State disability funds going broke, and going away

By David A. Lieb

Associated Press

Published: Thursday, March 22 2012 12:00 a.m. MDT

Army veteran Valerie Brown helps out in the student veteran's affairs office on the University of Missouri-Kansas City campus in Kansas City, Mo., Thursday, March 22, 2012.

Orlin Wagner, Associated Press

JEFFERSON CITY, Mo. — With hundreds of thousands of wounded veterans looking for work after World War II, many states offered businesses an incentive to hire the returning heroes. They created special disability funds to help pay the tab should a soldier with a missing arm or eye suffer a second, debilitating injury in a private-sector job.

Over the ensuing decades, those disability funds provided aid not to only veterans, but to thousands of others with pre-existing ailments who slipped and fell, twisted their backs or blew out their knees while at work.

But as a new generation of wounded warriors returns from Iraq and Afghanistan, about 20 states have shut down their special disability funds because of rising costs and others are teetering on insolvency, tearing holes in the safety net the funds were intended to provide.

Today, the federal government and some states are offering tax breaks to encourage businesses to hire returning veterans. But more than 675,000 veterans from Iraq and Afghanistan have reported disabilities, and they are having a harder time getting jobs than their able-bodied, private-sector counterparts, said David Autry, a spokesman for Disabled American Veterans.
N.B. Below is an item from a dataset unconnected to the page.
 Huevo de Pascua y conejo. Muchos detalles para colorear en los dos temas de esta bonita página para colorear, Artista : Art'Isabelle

"We understand states are strapped for cash, thanks to the economy," Autry said. But "it would be a shame to just let these funds disappear." The unemployment rate for veterans injured in Iraq and Afghanistan is 12.1 percent, compared with 9.5 percent for those without disabilities.

Since the recession, many businesses are cautious about extra costs related to employees, according to Chamber of Commerce officials.
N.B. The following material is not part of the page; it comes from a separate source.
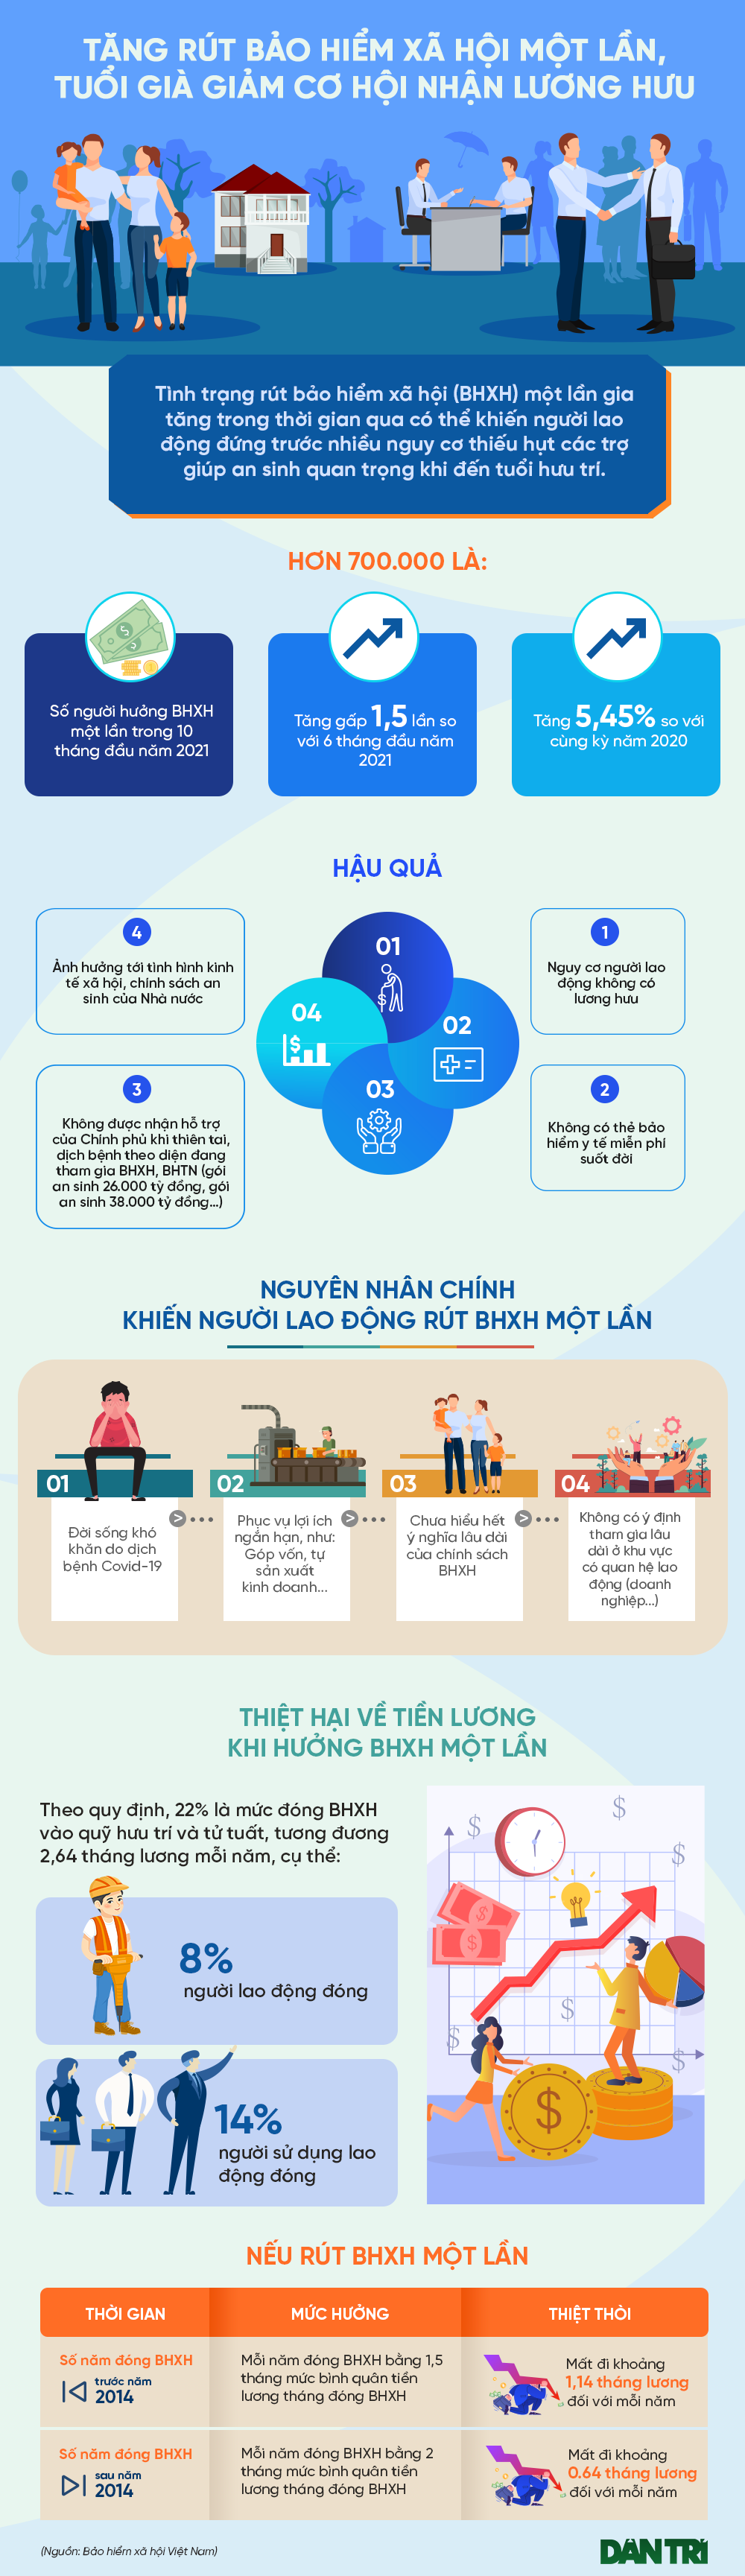 infographic-bhxh-rut-mot-lan-1638006835.png

"If you talk to businesses, they are more hesitant in making any type of investment at this point, including the hiring of people," said Missouri chamber spokeswoman Karen Buschmann.

The "second injury funds" are meant to encourage the hiring of disabled workers by limiting the financial risk to businesses. If an employee who is partially disabled suffers an on-the-job injury that further impairs his or her ability to work, the second injury fund covers the workers' compensation benefits for that new injury. Without such funds, businesses are left to bear the full cost through their workers' compensation insurance. Although businesses pay into the second injury fund, the tab may be less than the increase in their workers' compensation premiums would be.

A little over half the states still have second injury funds, but rising costs have contributed to the closure of numerous others over the past two decades.

South Carolina's Second Injury Fund, which is due to be phased out by next year, stopped considering claims from injuries that happened after June 2008 because of rising losses that resulted in surcharges to employers and insurers of nearly $200 million annually. New York, which created the nation's first second-injury fund 1916, closed the fund to all new claims in July 2010 when its outstanding liabilities topped $18 billion, according to a report by Workers Compensation Research Institute. New Jersey's has been plagued by cash-flow problems.

Missouri's Second Injury Fund is on the verge of insolvency. Last year, the fund collected $43 million from businesses while its obligations increased to $77 million. To cope with a growing shortfall, Attorney General Chris Koster quit settling cases in late 2009, forcing them to drag out through a hearing process. He laid off about one-third of the attorneys who defend the fund. And last year, he quit paying new awards for permanent, total disability cases.

The state now owes about $15 million to more than 190 people who were awarded benefits in the past year.

"The fund is spiraling out of fiscal control," said Koster, a Democrat, who wants the fund to either be abolished or revamped with a new funding mechanism.

Oklahoma was in a similar situation about a decade ago when it closed its second-injury fund to new claims. But it later adopted a new flexible surcharge and reinstated its fund in 2005.